Such inconvenient truths undermine the oft-repeated claim that blockchains will democratize wealth, largely by lowering barriers to entry in financial networks and by preventing central banks from devaluing money via inflation. Nonetheless, this prediction has moved one step closer to realization in recent months, with the emergence of tokenized stocks. While much has already been written about security tokens and how they’ll enable ICOs (initial coin offerings) to comply with securities legislation, tokenized stocks are a specific sub-category of security token that have only just become a reality. And they look set to make the financial world more accessible to millions people, in addition to having serious implications for global markets.
In contrast to a new cryptocurrency designed specifically to conform to securities legislation (i.e. a security token), tokenized stocks provide digitized versions of existing shares in established companies, such as Google, Facebook, or Apple. DX.Exchange, an EU-licensed corporation that has built its crypto-exchange platform using Nasdaq’s matching engine technology, began offering these “digital stocks” in January. Specifically, it offers Google, Tesla, and Amazon shares via a partnership with Cyprus-based MPS Marketplace Securities. As CEO Daniel Skowronski explained, these digital stocks are backed up one-for-one by real stocks in the corresponding company, which are held by MPS.
For example, Skowronski told me, “Every time a digital Apple share is purchased on DX.Exchange, MPS allocates or if needed purchases a real share of Apple Stock. Each Digital share is backed 1:1 by a real stock similar to how stable coins work.”
This is all simple enough, but what’s interesting and potentially radical about such digital stocks is that they permit customers to buy fractions of stocks in big companies.

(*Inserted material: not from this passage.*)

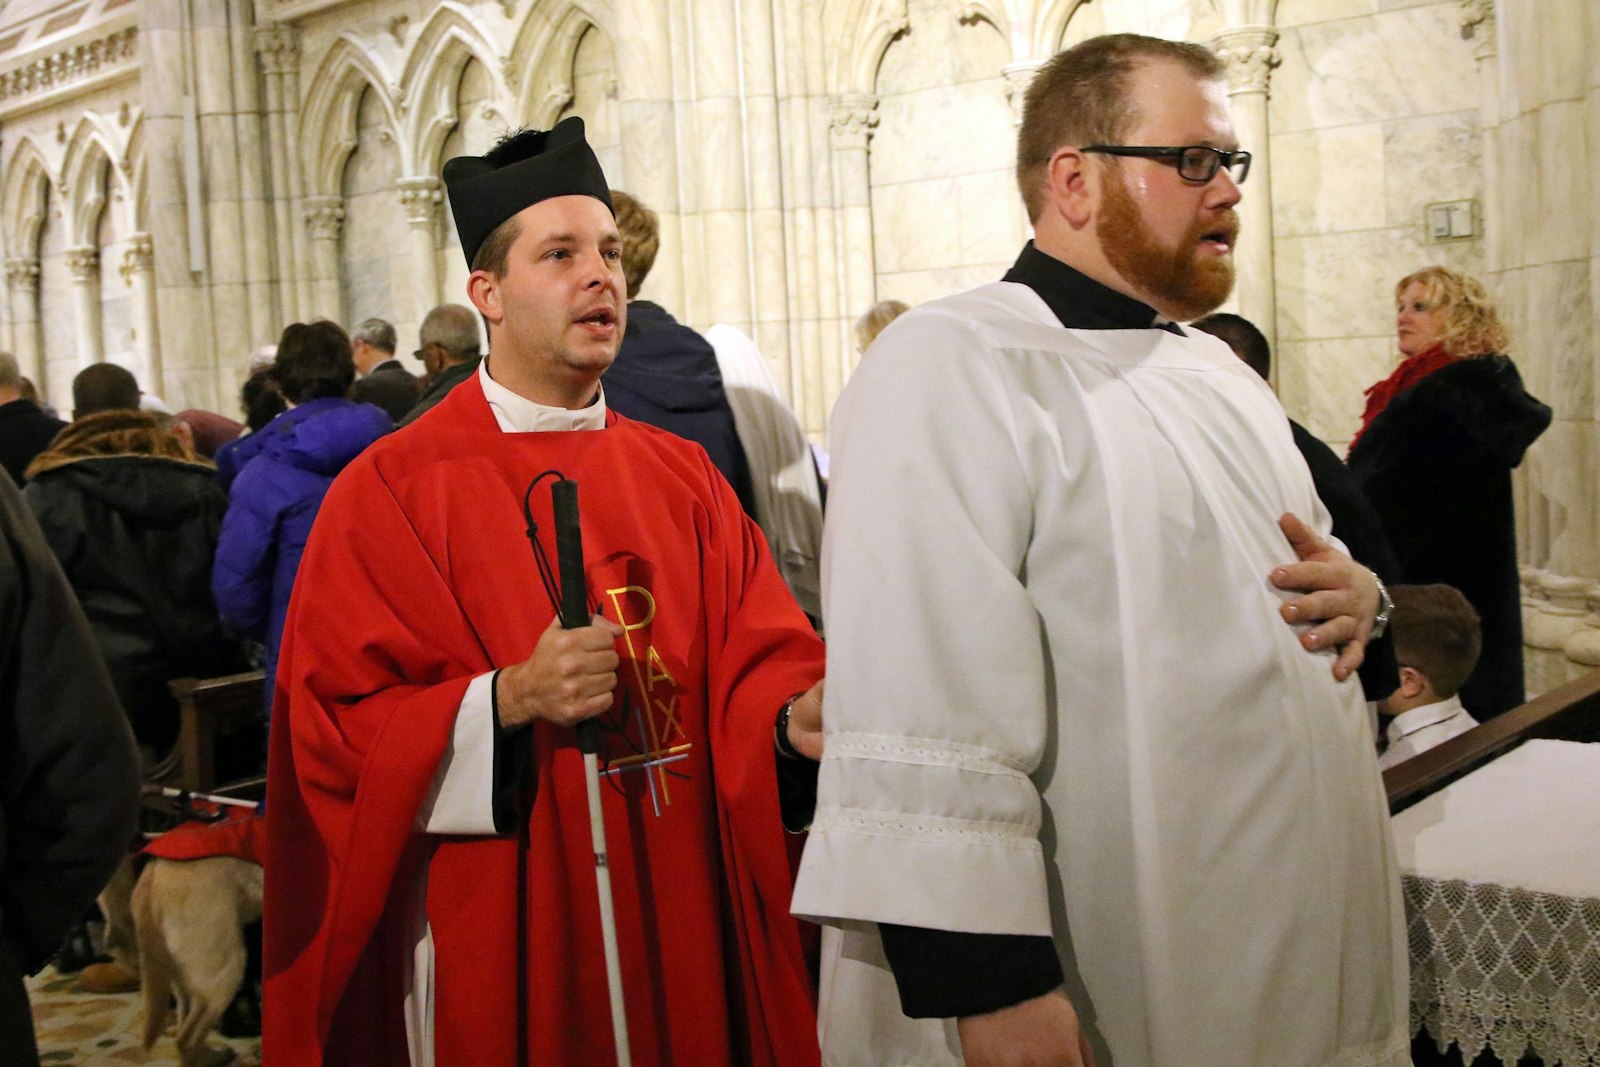 A file photo shows Fr. Jamie Dennis, who is blind and serves in the Diocese of Owensboro, Ky., being assisted by seminarian Chris Kight after celebrating a Mass marking the feast of St. Lucy, patroness of the blind, at St. Patrick's Cathedral in New York City. ((OSV News photo/Gregory A. Shemitz)

According to Skowronski, that’s because “MPS as the market maker for the Digital Stocks will always hold slightly more than what is needed by rounding up. So, if a trader purchases 0.25 of Tesla, then MPS will make sure one full share is covering the 0.25 Tesla digital share.”
This will open up trading to millions of people who wouldn’t otherwise be able to afford buying shares in Apple or Amazon. Indeed, DX.Exchange seems to be aggressively pushing this angle, because at the end of February it announced a new partnership with Perlin Network, a cloud-computing platform that harnesses underutilized computing power in smart devices in order to make supercomputing more accessible and affordable throughout the world. Through this partnership, DX aims to bring its digital stocks to such countries as Indonesia and India, where only as much as 2% of the population currently invest in shares (compared to just over 50% for Americans).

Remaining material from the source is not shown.